Gaia by Luke Jerram, at Inside Out Dorset, 2021 (Activate Performing Arts) Photo- Brent Jones
‘Gaia’ by Luke Jerram, at Inside Out Dorset, 2021 (Activate Performing Arts). Photo: Brent Jones.

TASK:

Anticipate future scenarios and consider different strategies

Get together with people with a range of responsibilities, including external stakeholders to discuss:

  • Thinking about our sites, buildings, collections and community resources. What must we do to protect them from impacts such as drought, extreme heat, flooding, high winds and heavy rainfall? 
  • Thinking about our business model and day-to-day operations. How can we be prepared and resilient to shocks such as power cuts, supply shortages or lockdowns? 
  • Thinking about people and wild communities in our places. How can we help them adapt and be resilient to impacts of the Earth crisis? 

Consider different strategies:

  • What are all the different approaches we could take to protect heritage or cultural assets from impacts of climate change and ecocidal damage? 
  • Do we have any responsibility to help protect the heritage or culture of local or threatened places or people, beyond our own organisation?
  • Are there ways we can work, for example, with creatives, technical experts, or indigenous people to experiment with and promote these strategies?

RESOURCES FOR THIS TASK

See Stage Three for a planning canvas for putting adaptation into practice.

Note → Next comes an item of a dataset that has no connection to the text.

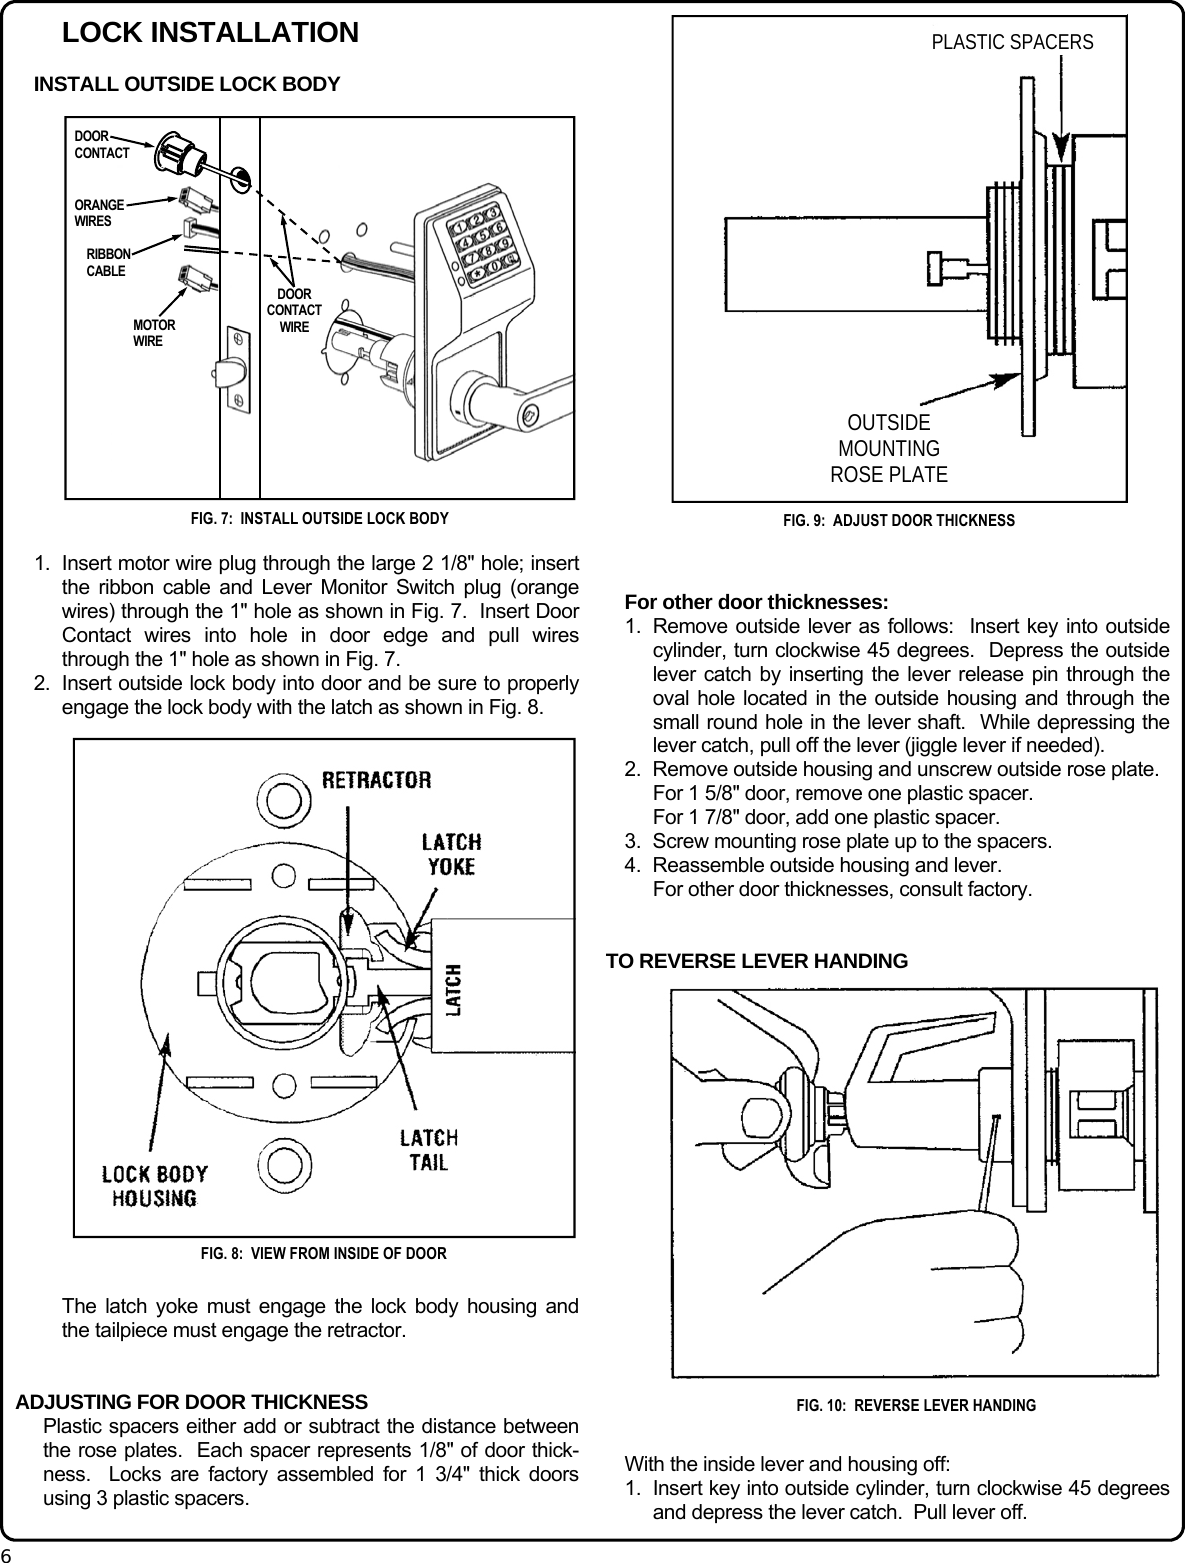 Alarm Lock PDL6200_DL6200_PDL8200_WI2024B.04_INST DL6200 ... on fire suppression diagram, prox switch diagram, alarm circuit diagram, alarm wiring circuit, alarm wiring guide, car alarm diagram, alarm panel wiring, alarm valve, alarm switch diagram, vehicle alarm system diagram, alarm installation diagram, alarm cable, alarm horn, 4 wire proximity diagram, alarm wiring tools, alarm wiring symbols,

Here are some thematic areas you can consider action for care and resilience: 

  • How could we draw on our creativity and influence to protect biodiverse heritage?
  • Can this include supporting indigenous and community stewardship?
  • Can we promote the campaign for an ecocide law?

  • Can we use technology to virtually recreate threatened or lost places? For example, could we work with local communities to pool their knowledge of a site that’s at risk of loss to flooding?
  • How can you help raise awareness of inequality and injustice, or galvanise people to protect places from climate impacts?

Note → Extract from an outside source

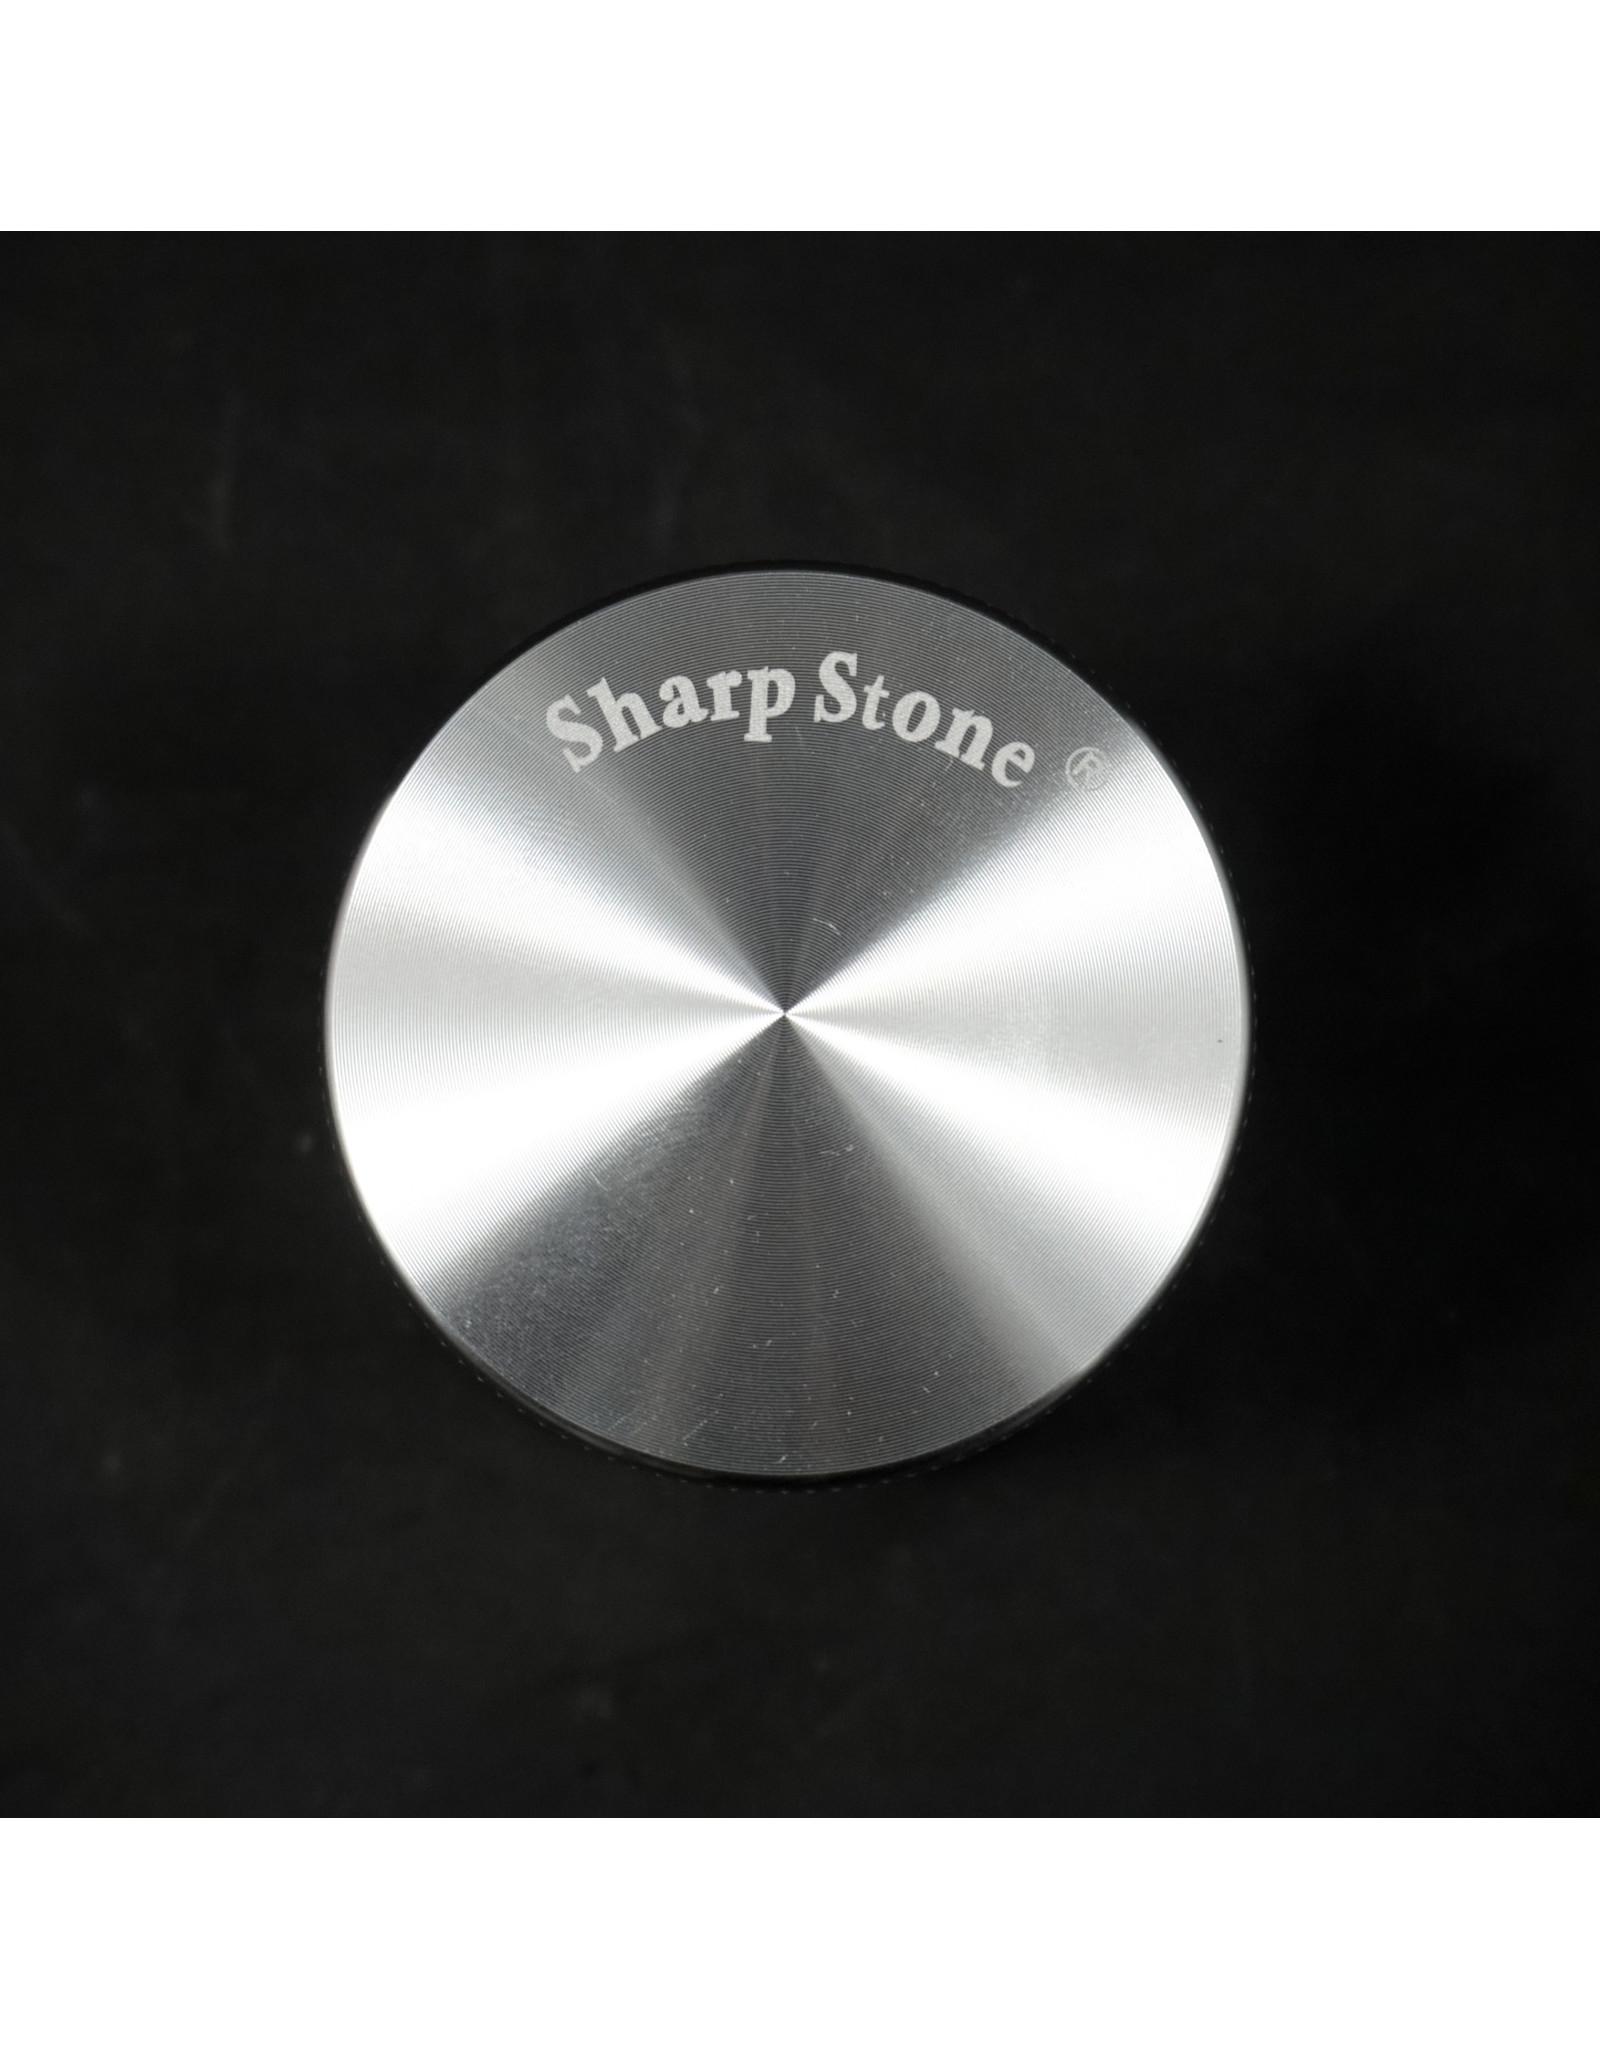 "Sharpstone Sharpstone 2.2"" Vibrating - Silver"

  • Can we help to memorialise lost species, cultures and places?
  • How can we give space to spiritual activities and support people’s grief at loss?
  • How much are we considering losses of intangible heritage?

  • What opportunities are there to educate audiences for justice and care for refugees, and raise awareness of causes of displacement?
  • Can you plan to offer refuge and support in disaster or crisis situations (e.g. space, equipment and emotional support)?

  • Adapting our Culture: this toolkit helps cultural organisations adapt to the impacts of climate change and thrive in a climate-changed world. 
  • BC Heritage Emergency Response Network: British Columbia Heritage.
  • Climate Heritage Network: international heritage sector, including museums and arts, galvanising action for mitigation and adaptation with strong link to UN and ICOMOS. 
  • Peacebuilding Assessment Tool for Heritage Recovery and Rehabilitation (PATH): provides vital insights into the cultural drivers of a conflict such as unresolved grievances. This toolkit helps organisations take key decisions on which heritage gets preserved or rebuilt, where, when and by whom. 
  • Sustainability in Conservation (SiC): an international NGO aimed at promoting sustainability and environmental awareness in conservation of cultural heritage and related fields, highlighting the duality of conserving the planet along with the art and heritage it contains. 
  • Historic England: advice on flooding and heritage buildings, and other resources for caring for the built environment in a changing climate. 
  • Snowchange: started in late 2000 to document climate and environmental change in the North and work with local and Indigenous communities of the Earth’s Northern regions. 
  • What’s Next: a movement for the resilience of the arts and culture sector, with regular meetings and local chapters. 
  • Article on the role of culture in adaptation, resilience and transition (B. McKenzie)
  • Adaptation Scotland: not focused on the cultural sector but very informative of wider impacts and measures.